GIVEN ENTRIES Block Start
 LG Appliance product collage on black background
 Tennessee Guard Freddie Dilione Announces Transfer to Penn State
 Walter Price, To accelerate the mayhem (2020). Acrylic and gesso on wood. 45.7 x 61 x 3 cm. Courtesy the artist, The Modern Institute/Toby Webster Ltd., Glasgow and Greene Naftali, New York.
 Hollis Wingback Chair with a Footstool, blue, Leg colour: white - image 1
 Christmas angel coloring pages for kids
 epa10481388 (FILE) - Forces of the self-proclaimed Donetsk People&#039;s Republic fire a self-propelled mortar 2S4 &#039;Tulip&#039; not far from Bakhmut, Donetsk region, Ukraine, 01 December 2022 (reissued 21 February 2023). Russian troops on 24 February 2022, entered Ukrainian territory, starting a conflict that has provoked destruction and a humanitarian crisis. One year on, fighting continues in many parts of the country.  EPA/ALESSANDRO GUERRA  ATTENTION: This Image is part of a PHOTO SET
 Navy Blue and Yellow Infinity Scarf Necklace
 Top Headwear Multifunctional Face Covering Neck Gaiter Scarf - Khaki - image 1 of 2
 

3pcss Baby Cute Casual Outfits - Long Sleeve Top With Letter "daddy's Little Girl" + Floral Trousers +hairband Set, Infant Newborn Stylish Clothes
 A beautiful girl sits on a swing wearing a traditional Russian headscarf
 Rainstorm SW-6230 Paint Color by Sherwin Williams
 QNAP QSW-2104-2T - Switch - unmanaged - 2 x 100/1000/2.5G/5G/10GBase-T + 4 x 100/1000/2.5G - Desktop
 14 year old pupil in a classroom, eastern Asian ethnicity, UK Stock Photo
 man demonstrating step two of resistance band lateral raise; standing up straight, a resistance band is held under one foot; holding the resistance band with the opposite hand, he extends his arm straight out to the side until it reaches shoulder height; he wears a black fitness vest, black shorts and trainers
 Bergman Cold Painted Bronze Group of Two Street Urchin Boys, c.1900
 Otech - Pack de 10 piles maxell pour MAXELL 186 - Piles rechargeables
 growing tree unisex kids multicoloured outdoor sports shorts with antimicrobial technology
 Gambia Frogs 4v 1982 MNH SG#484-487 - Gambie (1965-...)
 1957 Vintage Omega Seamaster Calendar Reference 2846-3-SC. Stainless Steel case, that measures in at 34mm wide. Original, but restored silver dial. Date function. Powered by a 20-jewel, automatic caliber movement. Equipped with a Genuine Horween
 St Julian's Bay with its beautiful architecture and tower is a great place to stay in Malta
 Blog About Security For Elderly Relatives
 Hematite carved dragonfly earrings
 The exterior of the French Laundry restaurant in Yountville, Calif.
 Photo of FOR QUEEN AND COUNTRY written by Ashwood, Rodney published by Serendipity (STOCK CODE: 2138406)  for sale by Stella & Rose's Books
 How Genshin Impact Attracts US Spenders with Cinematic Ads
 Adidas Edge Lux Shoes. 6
GIVEN ENTRIES Block End
■ **ASSIGNMENT**: Write out all the entries exactly.

■ **WRITTEN RESPONSE**:
 LG Appliance product collage on black background
 Tennessee Guard Freddie Dilione Announces Transfer to Penn State
 Walter Price, To accelerate the mayhem (2020). Acrylic and gesso on wood. 45.7 x 61 x 3 cm. Courtesy the artist, The Modern Institute/Toby Webster Ltd., Glasgow and Greene Naftali, New York.
 Hollis Wingback Chair with a Footstool, blue, Leg colour: white - image 1
 Christmas angel coloring pages for kids
 epa10481388 (FILE) - Forces of the self-proclaimed Donetsk People&#039;s Republic fire a self-propelled mortar 2S4 &#039;Tulip&#039; not far from Bakhmut, Donetsk region, Ukraine, 01 December 2022 (reissued 21 February 2023). Russian troops on 24 February 2022, entered Ukrainian territory, starting a conflict that has provoked destruction and a humanitarian crisis. One year on, fighting continues in many parts of the country.  EPA/ALESSANDRO GUERRA  ATTENTION: This Image is part of a PHOTO SET
 Navy Blue and Yellow Infinity Scarf Necklace
 Top Headwear Multifunctional Face Covering Neck Gaiter Scarf - Khaki - image 1 of 2
 

3pcss Baby Cute Casual Outfits - Long Sleeve Top With Letter "daddy's Little Girl" + Floral Trousers +hairband Set, Infant Newborn Stylish Clothes
 A beautiful girl sits on a swing wearing a traditional Russian headscarf
 Rainstorm SW-6230 Paint Color by Sherwin Williams
 QNAP QSW-2104-2T - Switch - unmanaged - 2 x 100/1000/2.5G/5G/10GBase-T + 4 x 100/1000/2.5G - Desktop
 14 year old pupil in a classroom, eastern Asian ethnicity, UK Stock Photo
 man demonstrating step two of resistance band lateral raise; standing up straight, a resistance band is held under one foot; holding the resistance band with the opposite hand, he extends his arm straight out to the side until it reaches shoulder height; he wears a black fitness vest, black shorts and trainers
 Bergman Cold Painted Bronze Group of Two Street Urchin Boys, c.1900
 Otech - Pack de 10 piles maxell pour MAXELL 186 - Piles rechargeables
 growing tree unisex kids multicoloured outdoor sports shorts with antimicrobial technology
 Gambia Frogs 4v 1982 MNH SG#484-487 - Gambie (1965-...)
 1957 Vintage Omega Seamaster Calendar Reference 2846-3-SC. Stainless Steel case, that measures in at 34mm wide. Original, but restored silver dial. Date function. Powered by a 20-jewel, automatic caliber movement. Equipped with a Genuine Horween
 St Julian's Bay with its beautiful architecture and tower is a great place to stay in Malta
 Blog About Security For Elderly Relatives
 Hematite carved dragonfly earrings
 The exterior of the French Laundry restaurant in Yountville, Calif.
 Photo of FOR QUEEN AND COUNTRY written by Ashwood, Rodney published by Serendipity (STOCK CODE: 2138406)  for sale by Stella & Rose's Books
 How Genshin Impact Attracts US Spenders with Cinematic Ads
 Adidas Edge Lux Shoes. 6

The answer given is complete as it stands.